The articles below highlight key battery-related engineering topics published throughout 2025. Each focuses on a specific aspect of modern EV battery design, testing, safety, or lifecycle management, offering practical insight into performance evaluation, degradation behavior, and long-term reliability in real-world applications.

Together, these developments reflect the direction of EV battery engineering, signaling continued progress in materials, testing, and system-level innovation as the industry moves into 2026.

Rethinking EV battery metrics for real-world performance

Standard metrics such as cycle life, energy density, power output, and state of health provide useful laboratory benchmarks but miss the variability of real driving conditions. Field data shows that usage patterns, thermal gradients, regenerative braking behavior, charging habits, and ambient temperatures can shift degradation rates by wide margins that laboratory protocols do not capture. High heat accelerates SEI breakdown and raises resistance, while cold conditions reduce charge acceptance, increase energy consumption, and weaken regenerative braking.

New metrics such as current ripple tolerance and thermal entropy offer better insight into stress factors that drive uneven aging, internal heating, and long-term reliability. Additional indicators, including volumetric integration complexity, mechanical robustness, and multi-modal health signals, help engineers evaluate batteries in realistic environments and improve predictive models for degradation and remaining life.

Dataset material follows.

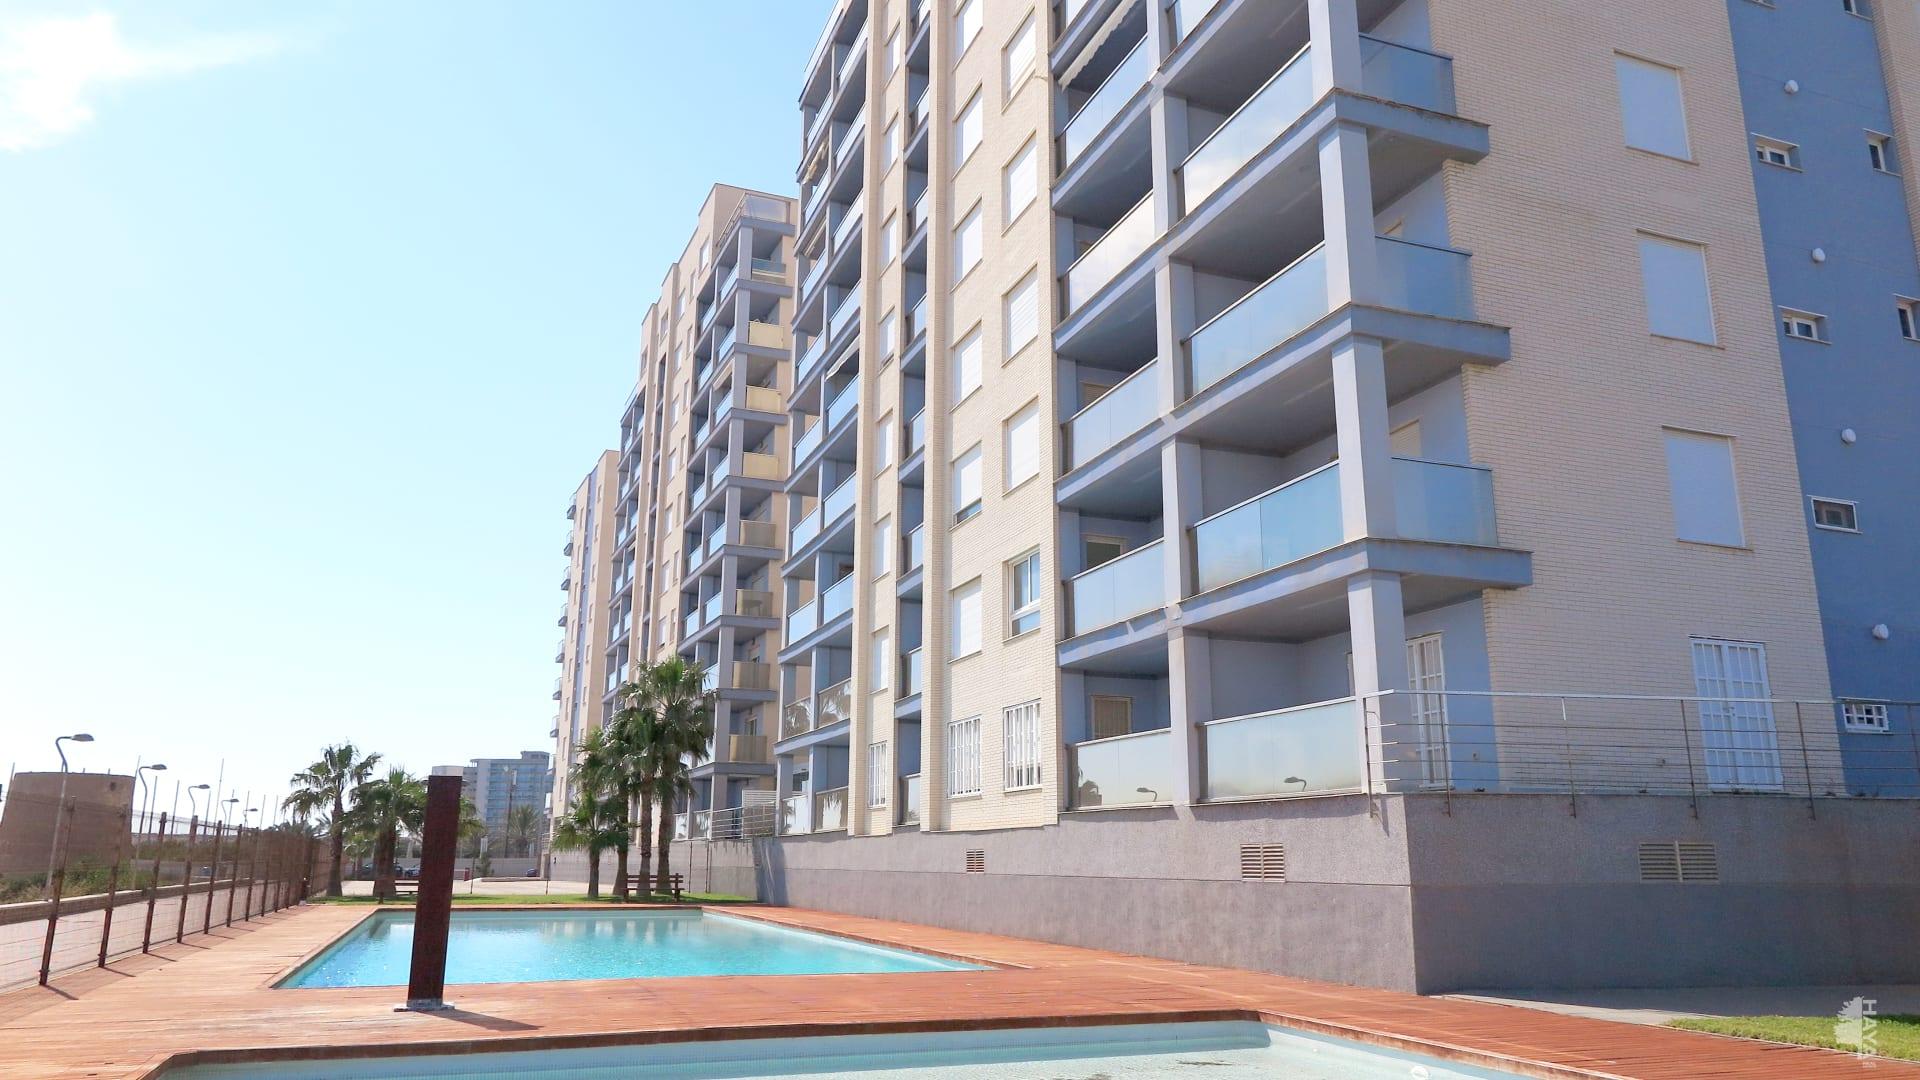 Piso en venta en San Javier, Murcia, Calle Prolongación Pol F. Conj Resid. Veneziola Golf Ii, 118.000 €, 2 habitaciones, 2 baños, 60 m2

How electrolyte additives extend EV battery lifespan

Stabilizing electrode interfaces is one of the most effective ways to slow battery degradation, and electrolyte additives play a central role in enabling that stability. VC improves SEI formation in sodium-ion and lithium-ion systems, leading to higher capacitive behavior, lower resistance, and stronger performance at high states of charge. FEC provides early cycle protection, but delivers weaker retention under high-voltage storage.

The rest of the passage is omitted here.